Quelles sont les grandes lignes du programme de la coalition de droite, donnée favorite aux élections italiennes du 25 septembre?
Marc Lazar:
Cette coalition, qui entend renverser la table sur un grand nombre de sujets, se veut d’abord rassurante sur des questions majeures qui engagent l’Italie à l’international: bien que divisée en son sein sur la guerre en Ukraine, elle indique qu’elle resterait dans les deux grandes alliances que sont l’OTAN et l’Union européenne, tout en manifestant son souhait d’avoir une Europe plus politique, moins bureaucratique, ce qui constitue un grand point d’interrogation sur ce que signifie cette proposition.

Passées ces garanties à l’OTAN et à l’Union européenne, que veut cette coalition?
Elle entend favoriser un plus grand développement de l’économie italienne, principalement par une baisse d’impôts, même si cette proposition est le sujet de divergences au sein de la coalition entre la Ligue de Matteo Salvini et Fratelli d'Italia de Giorgia Meloni. La coalition a ensuite des propositions très nettes sur des questions de sécurité. Elle veut, entre autres, une régulation des flux de migrants. Elle soutient une idée, qui suscite peut-être le plus de controverses actuellement en Italie, à savoir l’élection du président de la République au suffrage universel, sans qu’on sache exactement quels seraient les pouvoirs qui lui seraient conférés.

«Il est question aussi de rétablir la production d’énergie nucléaire, alors que les Italiens ont par deux fois refusé le maintien de cette énergie. Or, on assiste en Italie à un retournement de l’opinion sur cette question, en lien avec la crise énergétique et la guerre en Ukraine»

A propos des impôts, sur quoi les partis de la coalition de droite divergent-ils?
Sur le type d’imposition. La Ligue de Matteo Salvini est pour une «flat tax» de 15% pour tous jusqu’à 100 000 euros de revenus. Giorgia Meloni, bien que favorable, elle aussi, sur le principe à une baisse des impôts, veut d’abord voir quelle sera la marge de financement de l’Etat avant d’engager une réforme en vue d’une éventuelle réduction de ceux-ci.

Les associations LGBT craignent l’arrivée au pouvoir de cette coalition. Pourquoi?

«L’arrivée au pouvoir de la coalition de droite fait incontestablement peur à ces associations représentantes de minorités. En effet, à plusieurs reprises, Giorgia Meloni a expliqué qu’elle était résolument opposée à ce qu’elle appelle le lobby LGBT»
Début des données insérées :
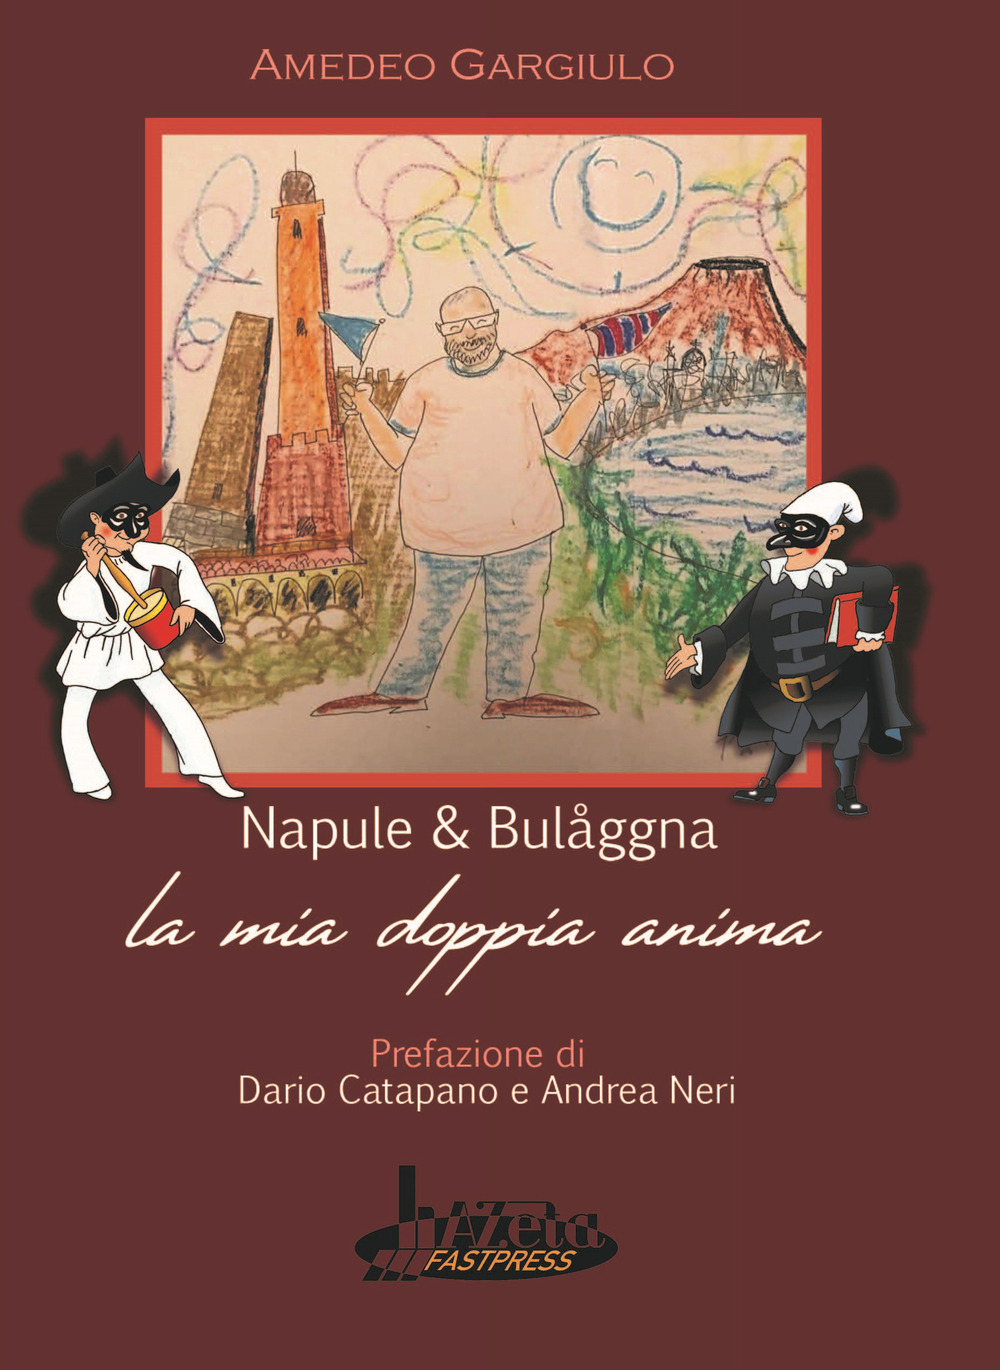 Libri Amedeo Gargiulo - Napule E Bulaggna. La Mia Doppia Anima NUOVO SIGILLATO, EDIZIONE DEL 01/01/2022 SUBITO DISPONIBILE

Elle a aussi fait des déclarations très ambiguës sur le fait qu’elle était en faveur de la culture de la vie contre la culture de la mort. Elle a déposé en 2019 comme conseillère municipale à Rome une proposition, rejetée à l’époque, consistant à enterrer les fœtus morts, avortés, donc, y compris sans l’autorisation de la mère. Même si, depuis l’arrêt de la Cour suprême américaine défédéralisant le droit à l’avortement, elle a dit qu'elle ne reviendrait pas sur la loi légalisant l’IVG, les femmes s’inquiètent de la possibilité d’un détournement de la loi par la coalition de droite, voire d’un retour à cette idée d’imposer l’enterrement des fœtus morts, qui vise à stigmatiser et à humilier les femmes qui recourent à l’interruption volontaire de grossesse.

Tous les partis de la coalition partagent-ils la même ligne sur ces questions de société?
Non. Si Fratelli d’Italia et la Ligue partagent ces positions conservatrices, voire réactionnaires, ce n’est pas le cas de Forza Italia. Le parti de Silvio Berlusconi est très discret là-dessus.

Sur la guerre en Ukraine, quelles sont les positions de chacun à l’intérieur de la coalition?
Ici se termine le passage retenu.